Kaelen cut her off, a mischievous grin forming on his face. "Don't worry. Rick installed something for these situations." He closed his eyes for an instant. The skin on his left arm seemed to ripple, and the metallic sheen was replaced by the appearance of normal flesh and blood. The glow in his cybernetic eye dimmed. It was a holographic near-field projection, a perfect camouflage.
"Sure, Morty," Kaelen said, his voice filled with a genuine enthusiasm that surprised the boy. "I'd love to. But on one condition: you teach me how to play those primitive video games, and I teach you the physics behind why they all explode."
The arcade was an assault on the senses: flickering neon lights, the cacophonous clangor of dozens of machines, and the smell of cheap pizza. Morty's friends, a group of normal-looking teenagers, looked at Kaelen with curiosity.
"Guys, this is my uncle... Kaelen," Morty introduced them.
Kaelen smiled and shook their hands. "Pleasure. Morty's told me a lot about your... exploits."
What followed was, for Kaelen, a fascinating cultural experience. He played a fighting game, where his mind instantly calculated the opponent's attack patterns, allowing him to win with a series of perfect combos that left Morty's friends wide-eyed.
"Dude, your uncle's a machine!" one of them exclaimed.
If only you knew how literal that is, Kaelen thought.
Next, he played a racing game. His understanding of physics allowed him to take turns with impossible precision. He broke the machine's record on his first attempt.
But his favorite moment was at air hockey. He played against Brad, the jock of the group. Instead of merely reacting, Kaelen's cybernetic eye (hidden under the hologram) calculated the puck's trajectory, the bounce angles, and Brad's reaction speed. Kaelen didn't move much. He simply placed his mallet at the exact spot where he knew the puck would be, returning it with perfectly calculated force again and again. He won 7-0 without breaking a sweat.
"How... how do you do that?" Brad gasped, utterly baffled.
"It's all in the wrist," Kaelen replied with a wink.
By the end of the day, they sat at a table with sodas and greasy pizza. Kaelen was relaxed, laughing, telling highly edited stories of his "travels." For the first time, he wasn't an engineer, or a weapon, or a fugitive. He was just "Morty's cool uncle." He watched Morty laugh, free from the anxiety that always surrounded him when he was with Rick. And Kaelen felt a pang of something he hadn't felt in a long time: a simple, normal family connection.

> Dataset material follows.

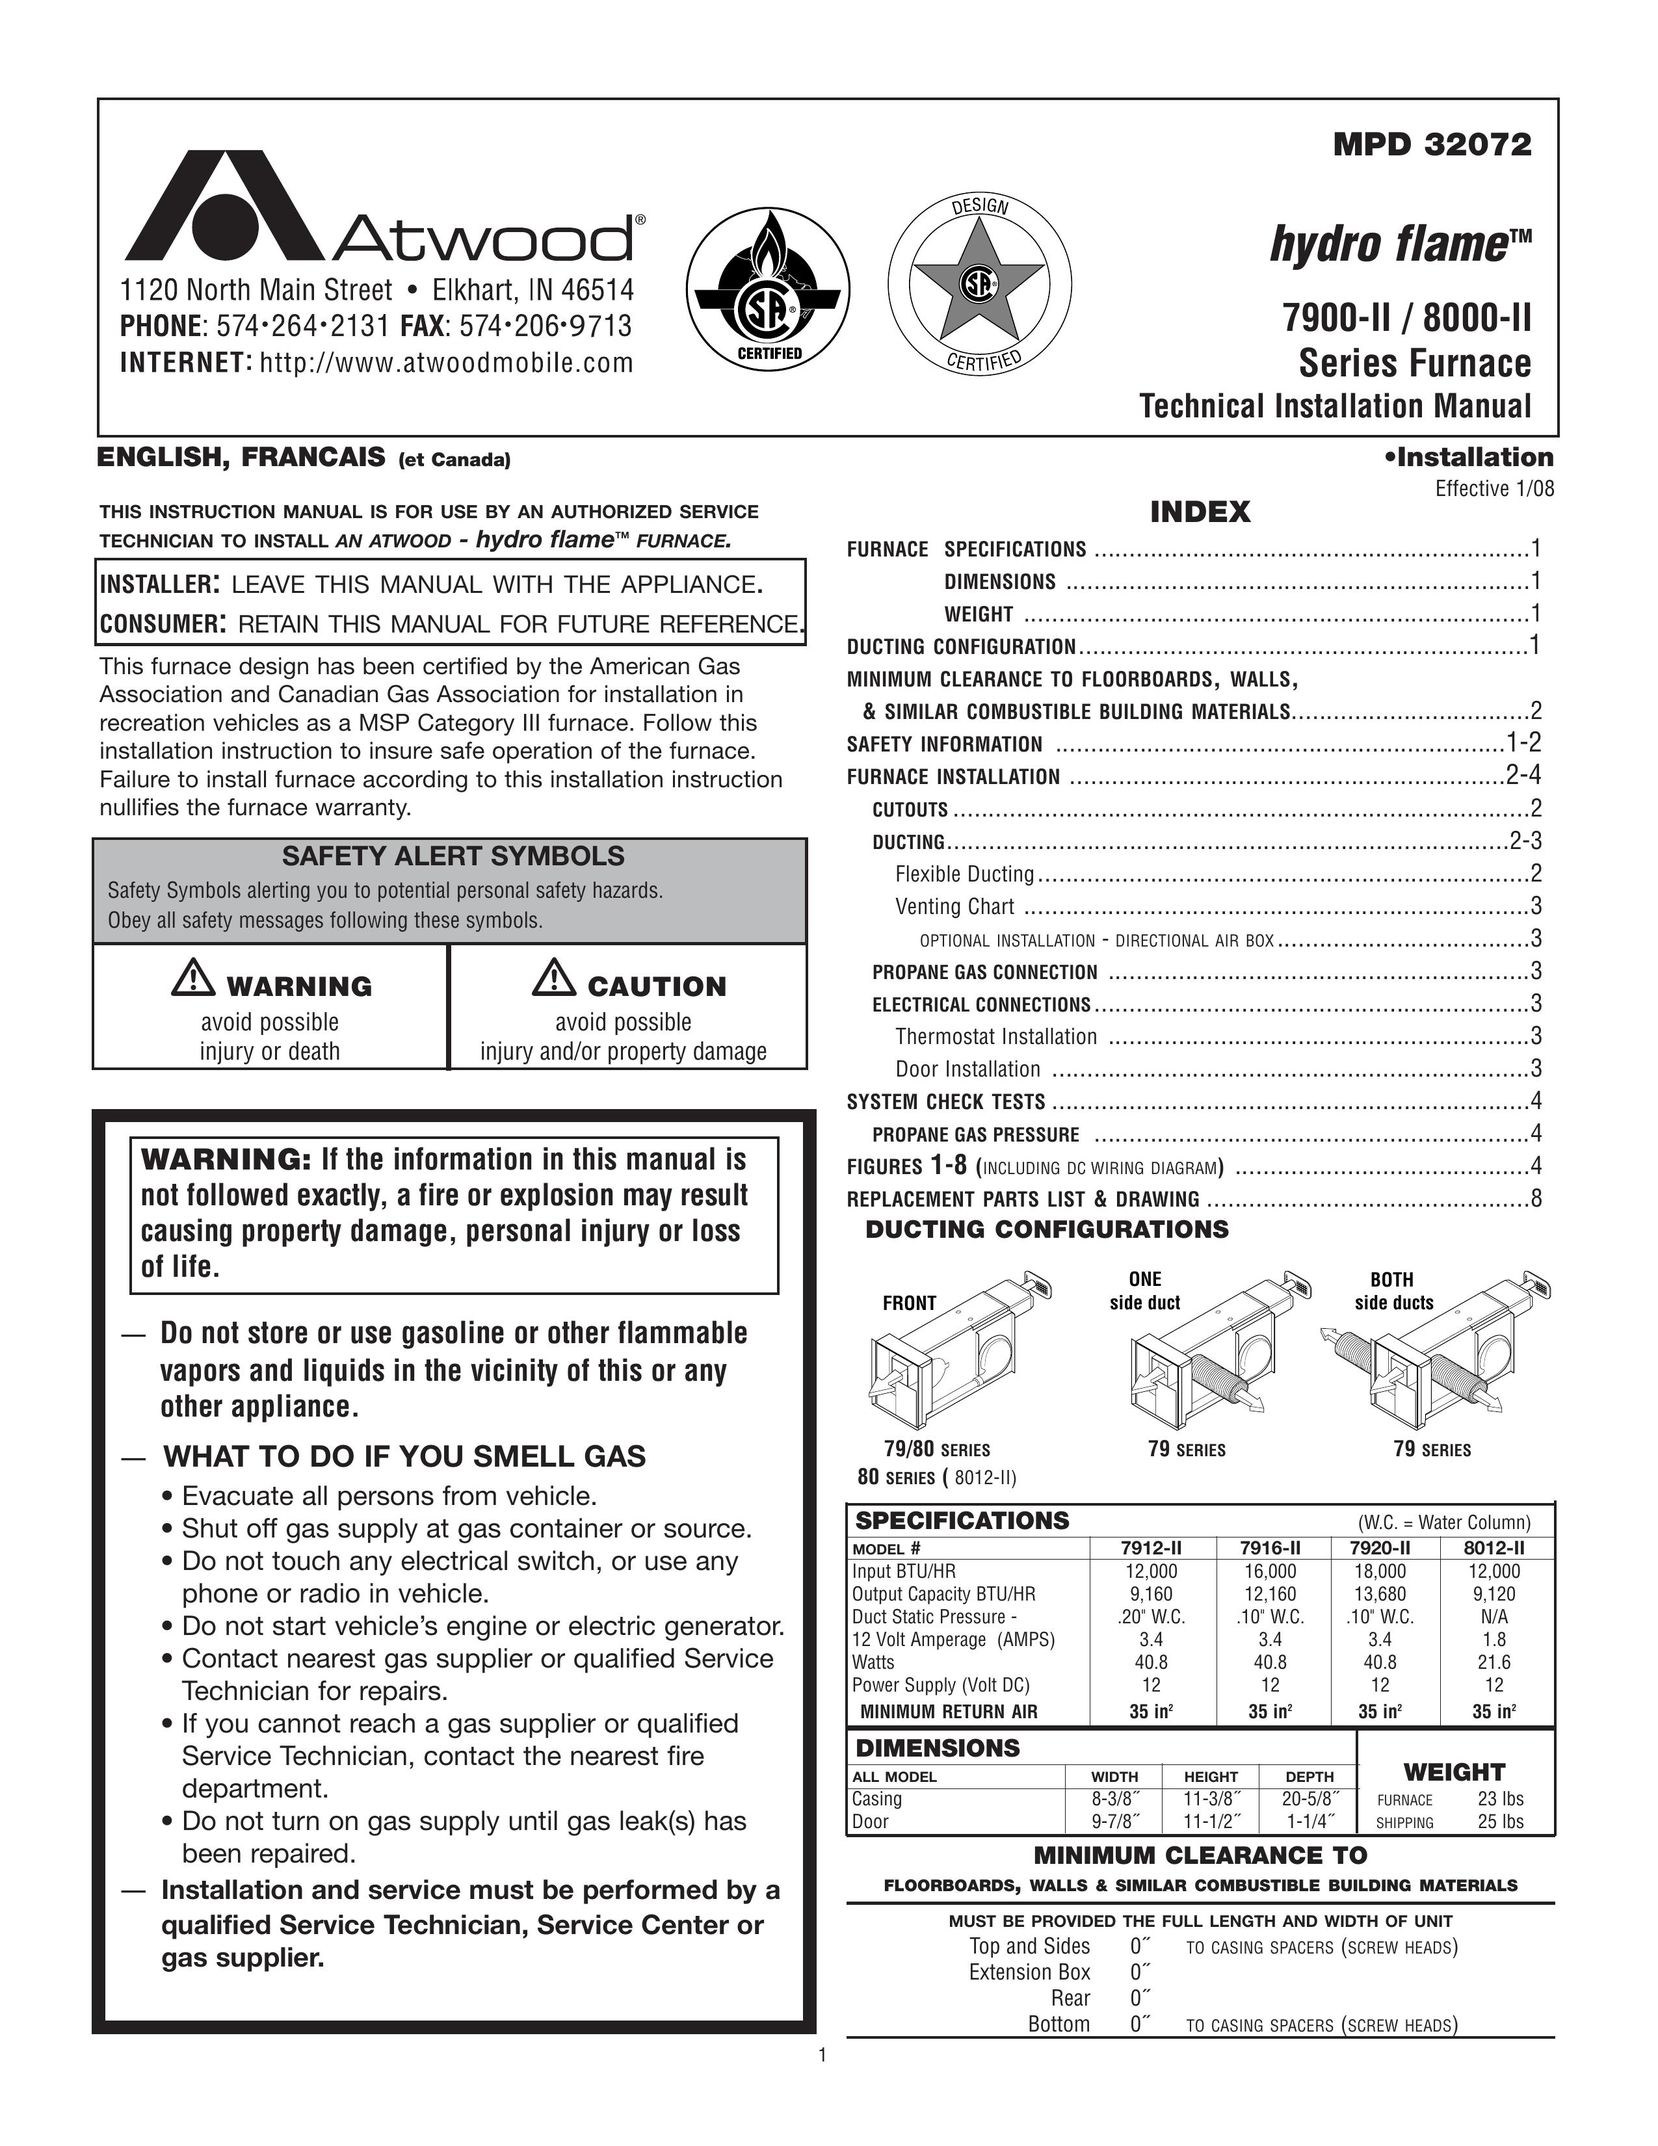 Atwood Mobile Products 7920-II Furnace User Manual

When they returned home that night, Morty turned to him before going inside.
"Hey, uh... thanks for coming," he said, genuinely. "My friends think you're cool."

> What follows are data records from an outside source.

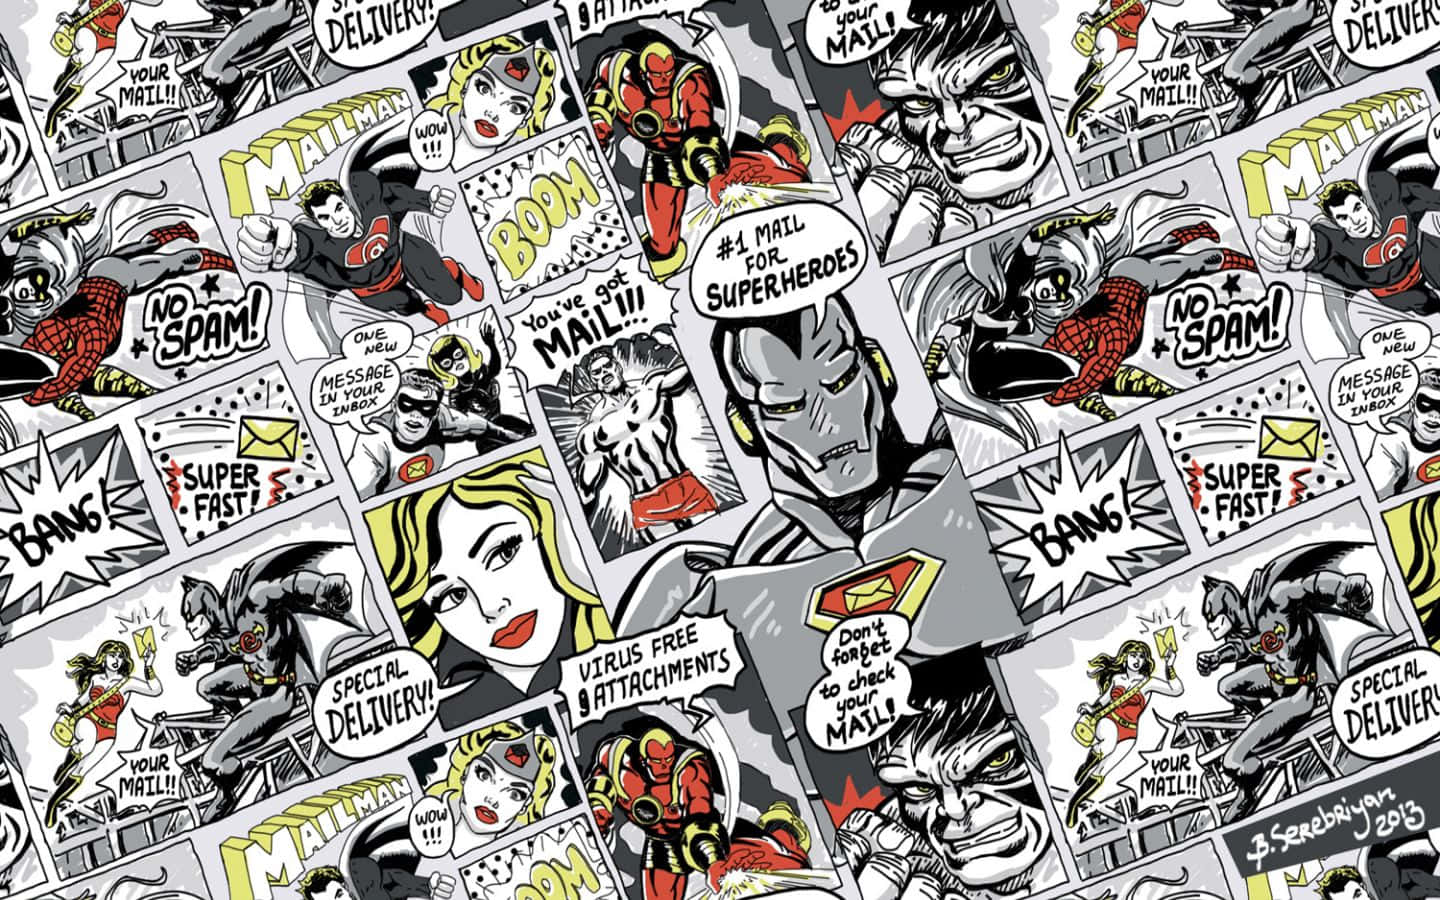 Pop culture collides in this vibrant comic book background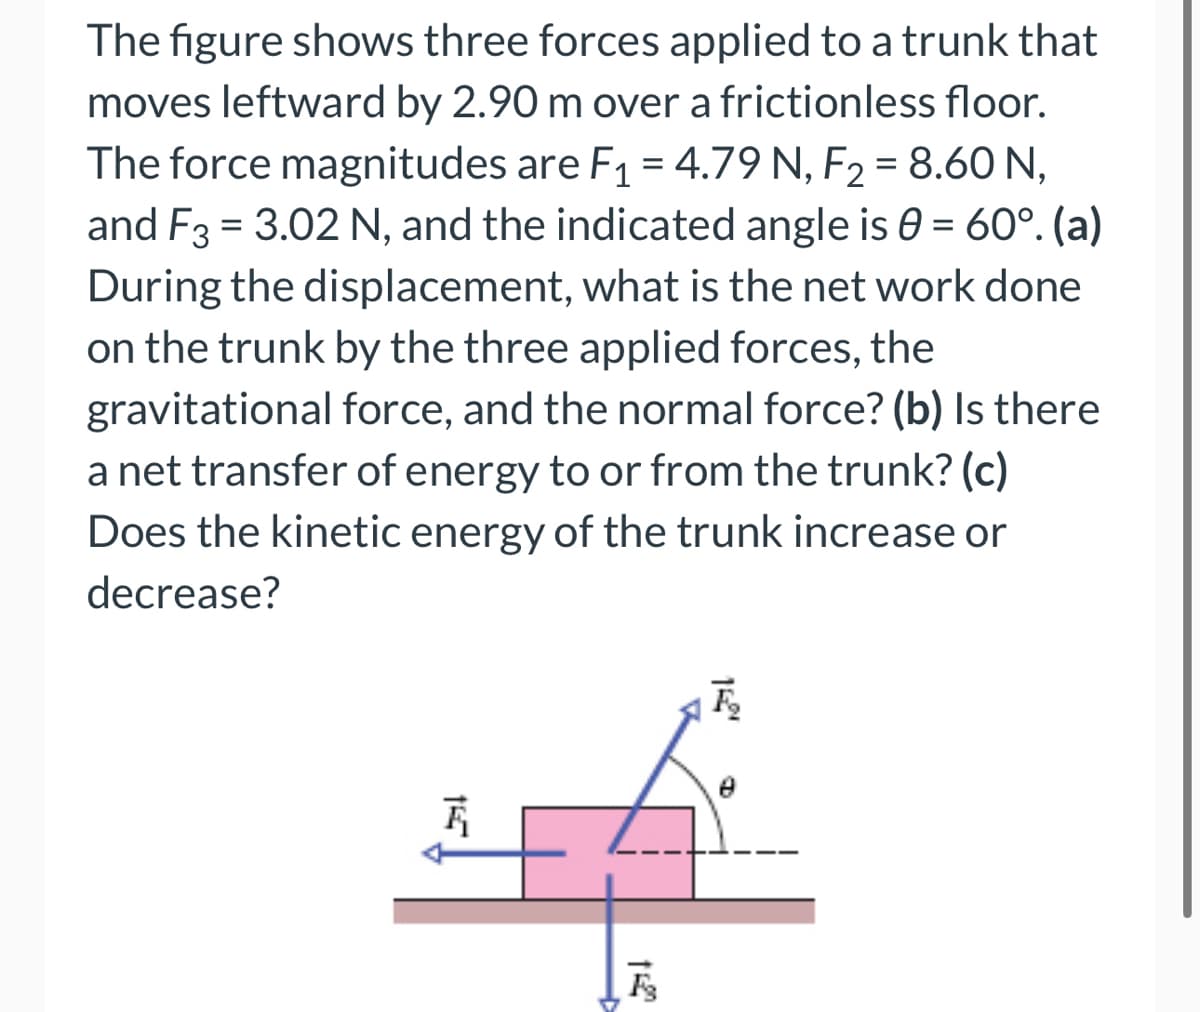 The figure shows three forces applied to a trunk that
moves leftward by 2.90 m over a frictionless floor.
The force magnitudes are F₁ = 4.79 N, F₂ = 8.60 N,
and F3 = 3.02 N, and the indicated angle is 0 = 60°. (a)
During the displacement, what is the net work done
on the trunk by the three applied forces, the
gravitational force, and the normal force? (b) Is there
a net transfer of energy to or from the trunk? (c)
Does the kinetic energy of the trunk increase or
decrease?
F

"Your friends are right," Kaelen joked. "And you're not so bad at 'Street Fighter,' for a bundle of nerves."
Morty smiled, a real smile. In that moment, the gap between the scared Jedi and the interdimensional genius closed a little. They became, for an instant, nephew and uncle.
Kaelen walked into the house and found Padmé waiting for him.
"How was your cultural adventure?" she asked.
He hugged her, the smell of cheap pizza still on his clothes. "I discovered I'm surprisingly good at video games. And that having a family, even one as broken as this, isn't so bad."
He looked down at his arm, knowing that beneath the holographic disguise lay a weapon. The war was still out there. The threats were still real. But for one day, he had been able to forget. For one day, he had simply been Kaelen Ror, someone's uncle. And he realized that was a future worth fighting for too.